SECURITY | SERVICEID | MEMBERID | VALUEDATE...
第一行:同样,下面某些列的列值具有空白值,我在上面提到了具有所有列值的真实模板文件(在上面的映射文件中)。
KKK-LMN 2 1815 6/25/2018
PPL-ORL 2 1815 6/25/2018
SLB-ORD 2 1815 2018 年 6 月 25 日
3。 Kibana 查询输出
查询:
GET /my_r_index/_search
{
"query": {
"match_all": {}
}
}
输出:
{
"_index": "my_r_index",
"_type": "my_r_index",
"_id": "IjjIZWUBduulDsi0vYot",
"_score": 1,
"_source": {
"@version": "1",
"message": "XXX-XXX-XXX-USD,2,3190,2018-07-03,UNITED STATES,USD,300,60,Put,2042-12-19,,,,.009108041,q,,,,.269171754,q,,,,,.024127966,q,,,,68.414017367,q,,,,.298398645,q,,,,.502677959,q,,,,,0.040880692400344164,q,,,,,,,159.361792143,,,,.631296636,q,,,,.154877384,q,,42.93,N,Y,\n",
"@timestamp": "2018-08-23T07:56:06.515Z"
}
},
...其他类似的记录。
EDIT-3:
使用 autodetect_column_names => true 后的示例输出:-
{
"took": 4,
"timed_out": false,
"_shards": {
"total": 10,
"successful": 10,
"skipped": 0,
"failed": 0
},
"hits": {
"total": 3,
"max_score": 1,
"hits": [
{
"_index": "indr",
"_type": "logs",
"_id": "hAF1aWUBS_wbCH7ZG4tW",
"_score": 1,
"_source": {
"2": "2",
"1815": "1815",
"message": """
PPL-ORD-XNYS-USD,2,1815,6/25/2018,UNITED STATES
""",
"SLB-ORD-XNYS-USD": "PPL-ORD-XNYS-USD",
"6/25/2018": "6/25/2018",
"@timestamp": "2018-08-24T01:03:26.436Z",
"UNITED STATES": "UNITED STATES",
"@version": "1"
}
},
{
"_index": "indr",
"_type": "logs",
"_id": "kP11aWUBctDorPcGHICS",
"_score": 1,
"_source": {
"2": "2",
"1815": "1815",
"message": """
SLBUSD,2,1815,4/22/2018,UNITEDSTATES
""",
"SLB-ORD-XNYS-USD": "SLBUSD",
"6/25/2018": "4/22/2018",
"@timestamp": "2018-08-24T01:03:26.436Z",
"UNITED STATES": "UNITEDSTATES",
"@version": "1"
}
},
{
"_index": "indr",
"_type": "logs",
"_id": "j_11aWUBctDorPcGHICS",
"_score": 1,
"_source": {
"2": "SERVICE",
"1815": "CLIENT",
"message": """
UNDERLYING,SERVICE,CLIENT,VALUATIONDATE,COUNTRY
""",
"SLB-ORD-XNYS-USD": "UNDERLYING",
"6/25/2018": "VALUATIONDATE",
"@timestamp": "2018-08-24T01:03:26.411Z",
"UNITED STATES": "COUNTRY",
"@version": "1"
}
}
]
}
}
我很确定您的单个文档的 ID 为 %{id}
。第一个问题来自这样一个事实,即在您的 CSV 文件中,您没有提取名称为 id
的列,而这正是您在 document_id => "%{id}"
中使用的列,因此所有行都使用 id %{id}
并且每个索引都会删除前一个。

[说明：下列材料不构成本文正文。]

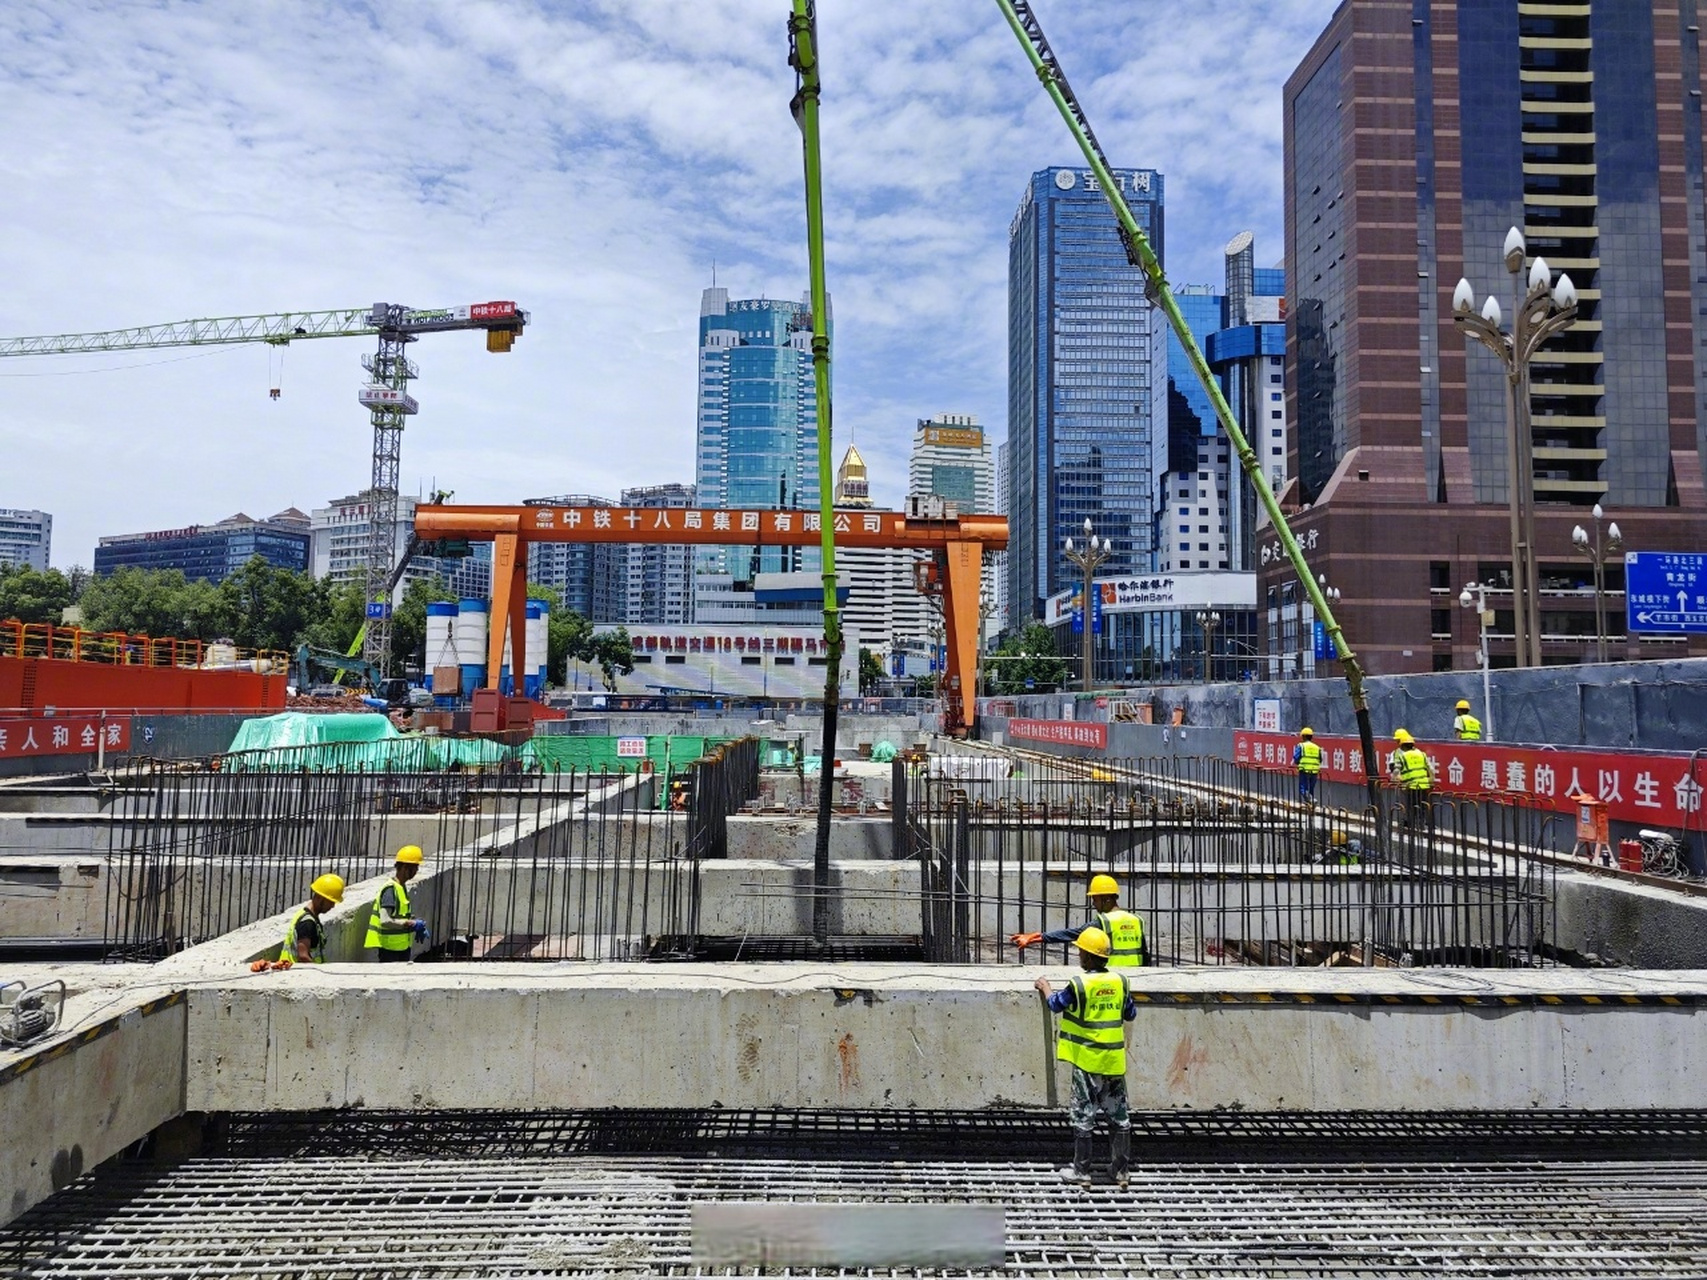 骡马市站主体结构封顶】7月15日,随着最后一块顶板砼浇筑完成,成都

最后,您有一个文档被索引的次数与 CSV 中的行数一样多。
关于第二个问题,您需要修复过滤器部分,如下所示:
filter {
csv {
separator => ","
autodetect_column_names => true
}
date {
match => [ "VALUATIONDATE", "M/dd/yyyy" ]
}
}
您还需要像这样修复您的索引模板(我只在 VALUATIONDATE
字段中添加了 format
设置:
{
"order": 0,
"template": "helloindex",
"settings": {
"index": {
"codec": "best_compression",
"refresh_interval": "60s",
"number_of_shards": "10",
"number_of_replicas": "1"
}
},
"mappings": {
"_default_": {
"_all": {
"enabled": false
},
"properties": {
"UNDERLYING": {
"type": "keyword"
},
"SERVICE": {
"type": "integer"
},
"CLIENT": {
"type": "integer"
},
"VALUATIONDATE": {
"type": "date",
"format": "MM/dd/yyyy"
},
"COUNTRY": {
"type": "keyword"
}
}
}
},
"aliases": {}
}
我正在尝试使用自定义模板使用 logstash 将数据从 S3(.csv 文件的数据)移动到弹性搜索集群。 但是,当我在 Kibana 中使用以下查询进行检查时,它只显示 docs.count=1,其余记录显示为 docs.deleted:-
GET /_cat/indices?v
我的第一个问题是:-
- 为什么只有一条记录[最后一条]被传输而其他的被删除传输?
现在,当我在 Kibana 中使用以下查询查询此索引时:-
GET /my_file_index/_search
{
"query": {
"match_all": {}
}
}
我在 "message" :
字段中只得到一条用逗号分隔数据的记录,所以第二个问题是:-
- 我已经在输入到 logstash 的模板文件中指定了所有列映射,因此我如何才能像在 csv 中一样获取具有列名的数据?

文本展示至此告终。